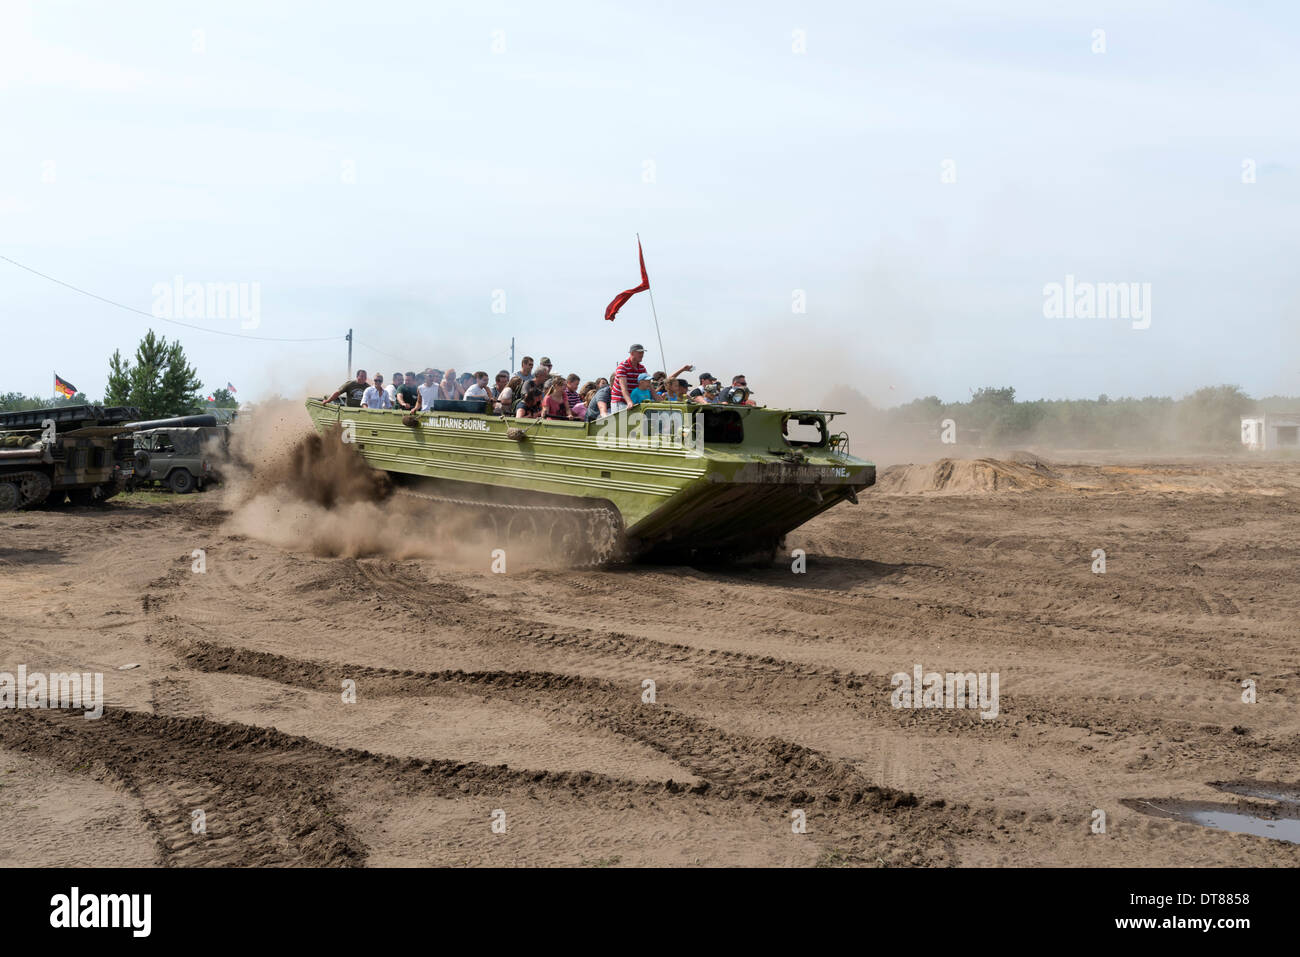 'X International meeting of military vehicles TRACKS AND HORSESHOE' in Borne Sulinowo, Poland Stock Photo
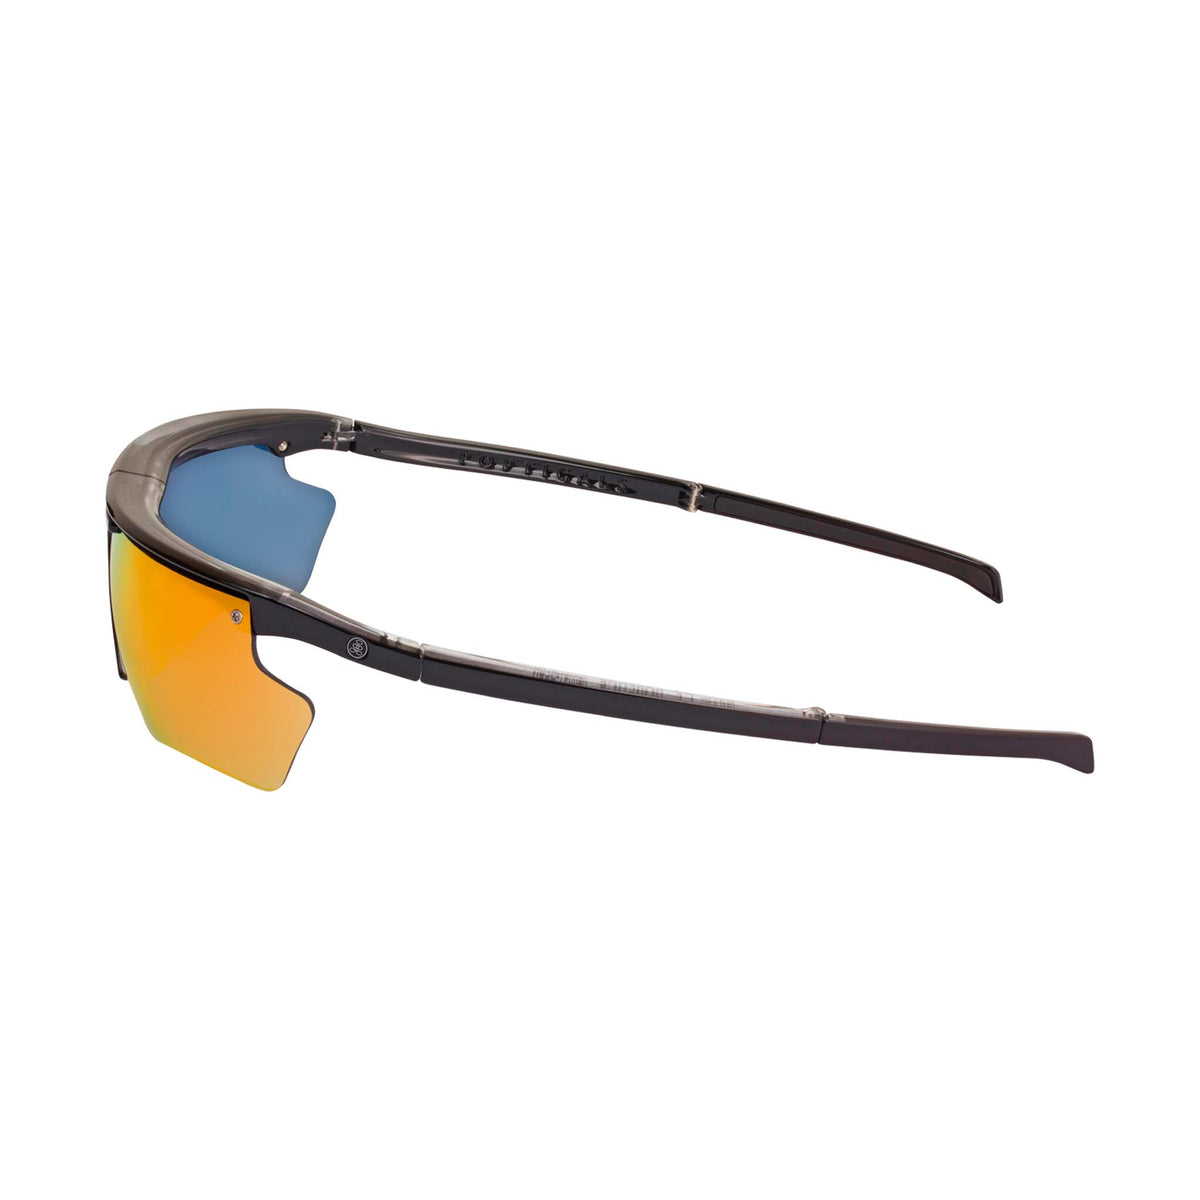 Popticals, Premium Compact Sunglasses, PopEdge, 040091-BLON, Polarized Sunglasses, Gloss Black over Crystal Frame, Gray Lenses with Orange Mirror Finish, Side View
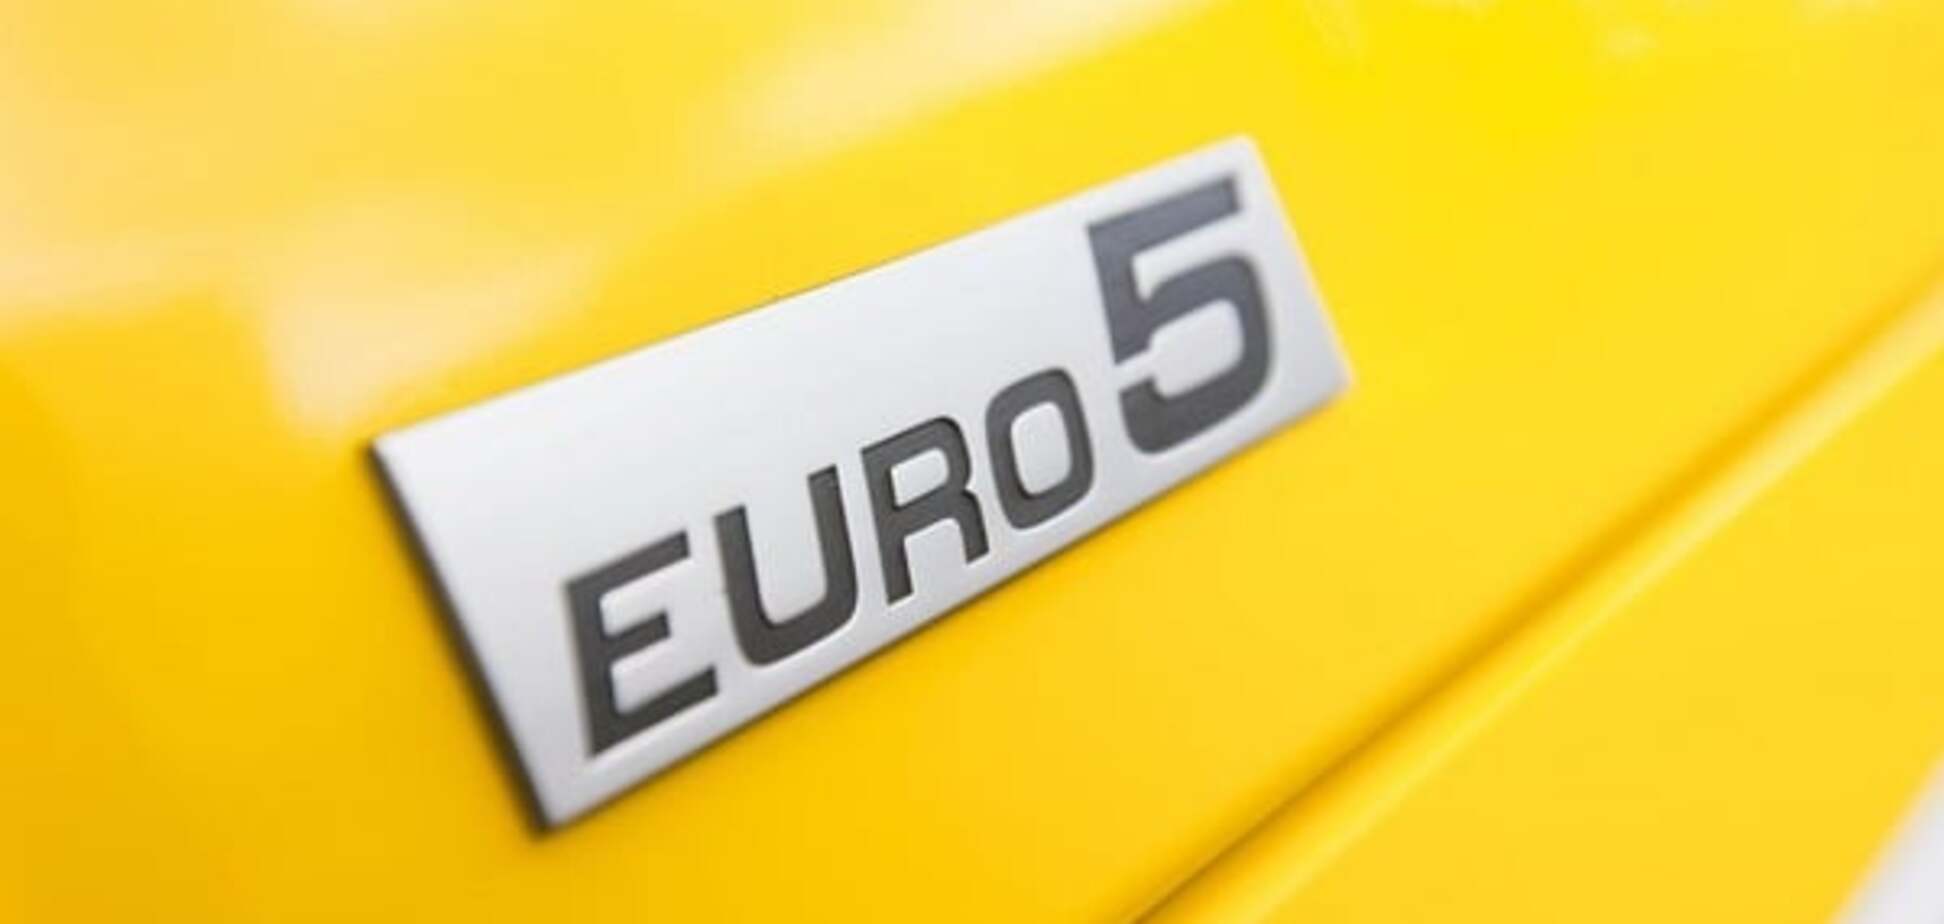 Евро 5
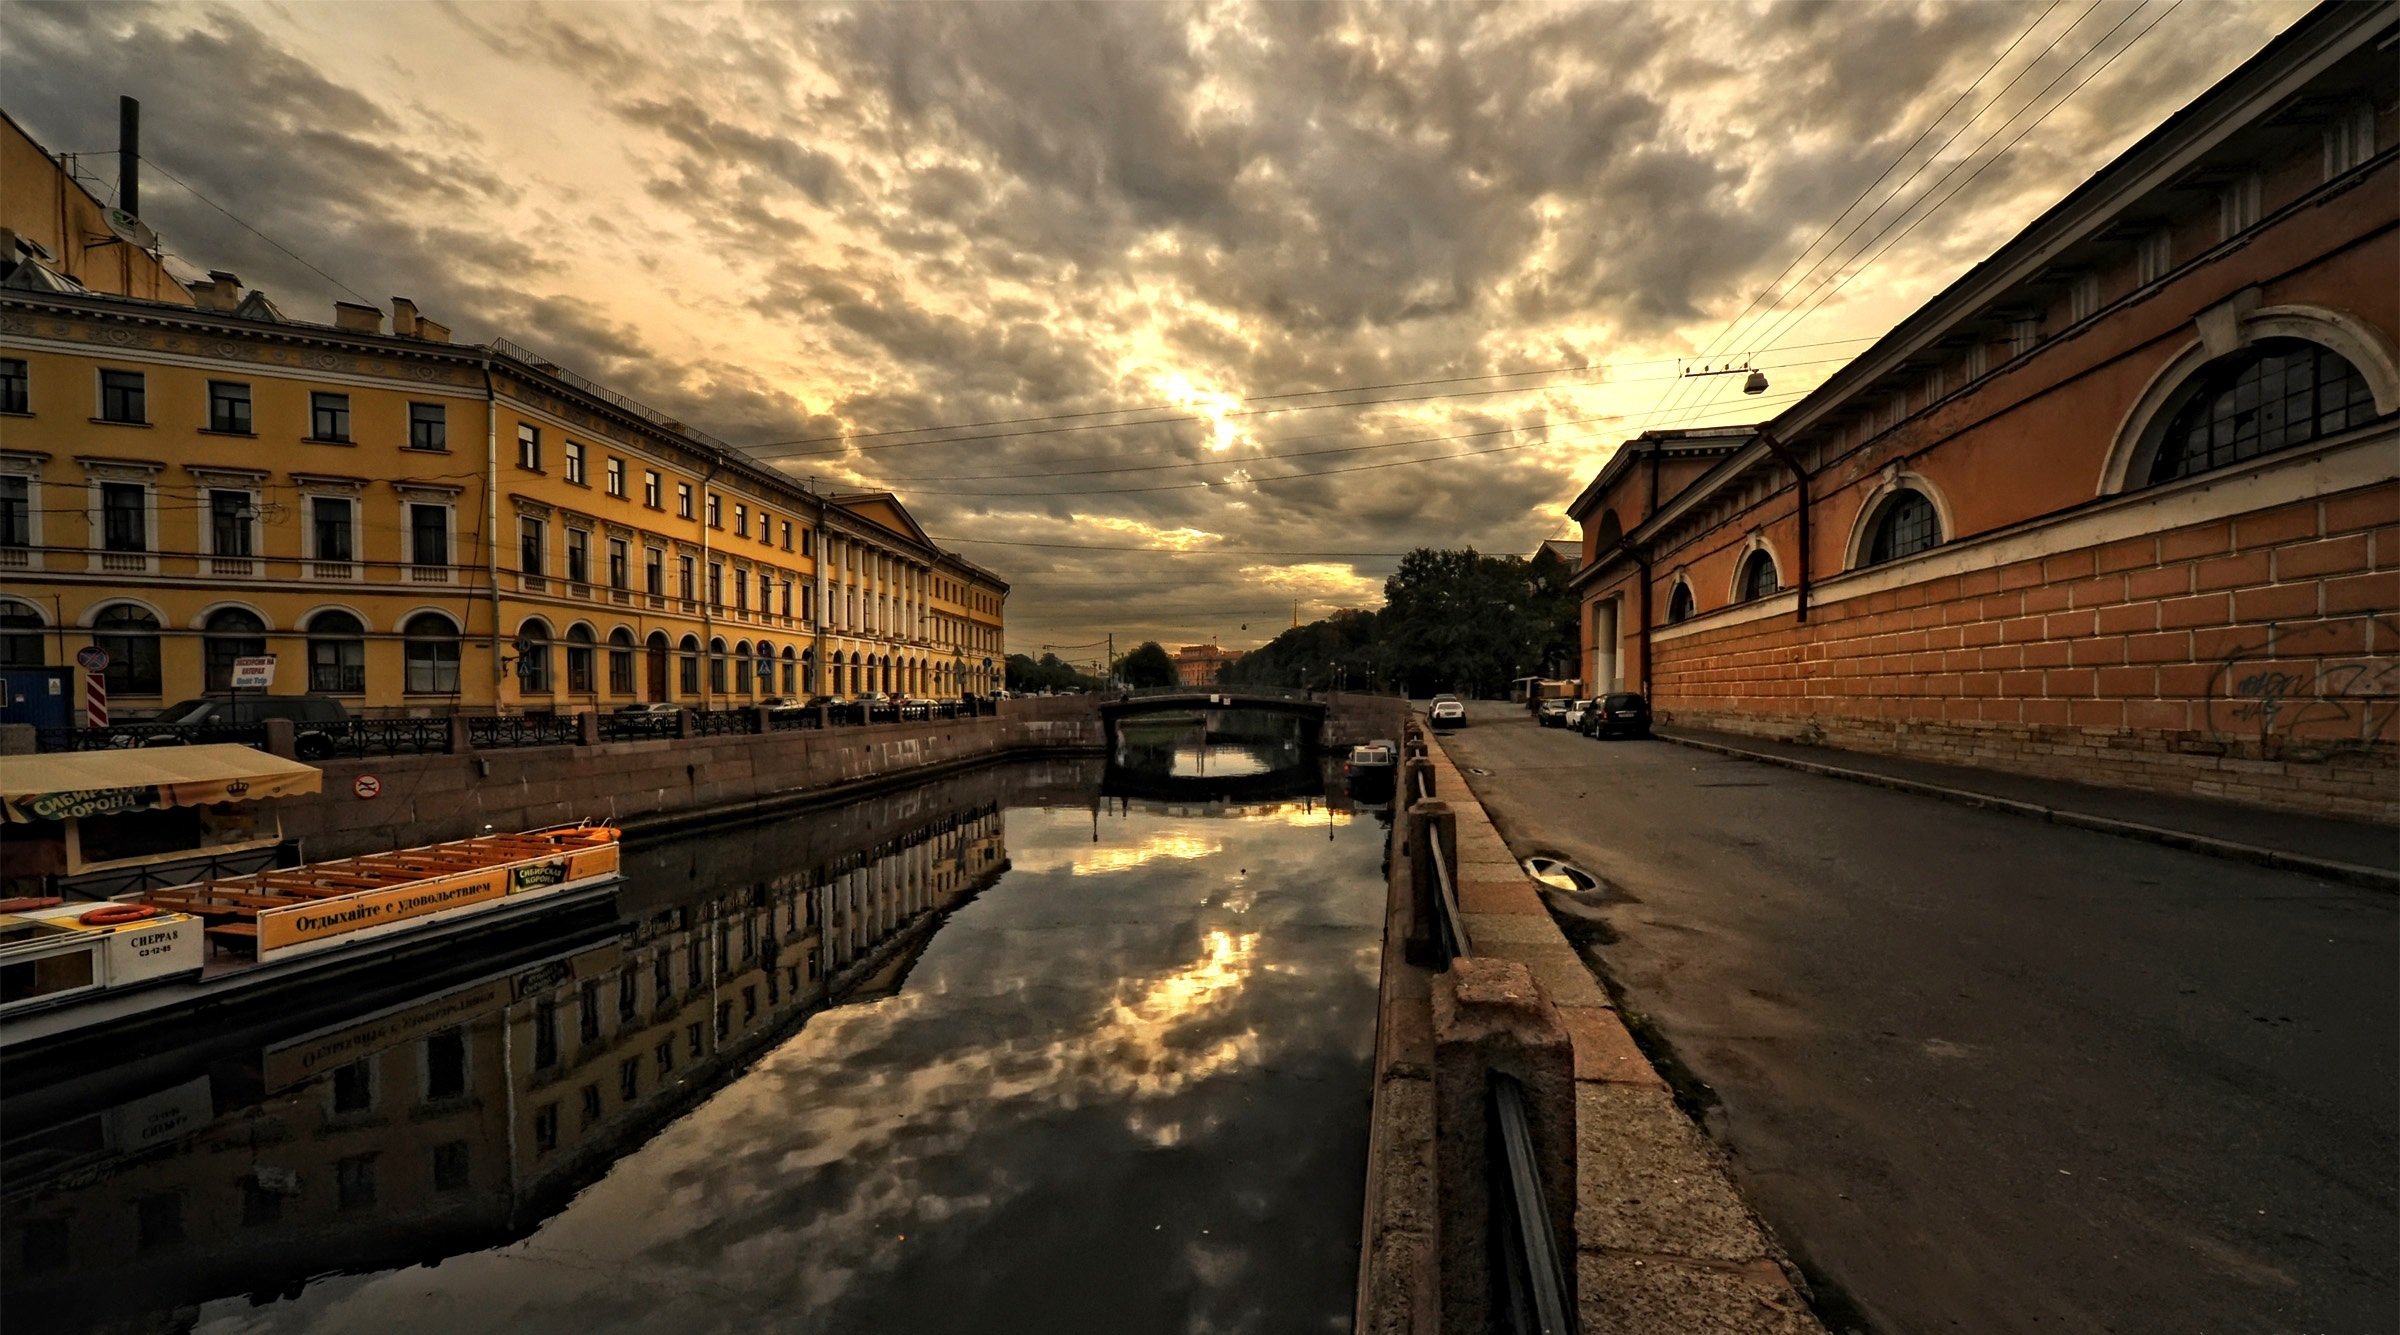 Man Made Saint Petersburg HD Wallpaper | Background Image

ASSIGNED TASK:
Set down the material exactly, every line of it, except for the pictures.

RESULT OF THE TASK:
 'X International meeting of military vehicles TRACKS AND HORSESHOE' in Borne Sulinowo, Poland Stock Photo
 Popticals, Premium Compact Sunglasses, PopEdge, 040091-BLON, Polarized Sunglasses, Gloss Black over Crystal Frame, Gray Lenses with Orange Mirror Finish, Side View
 Евро 5
 Man Made Saint Petersburg HD Wallpaper | Background Image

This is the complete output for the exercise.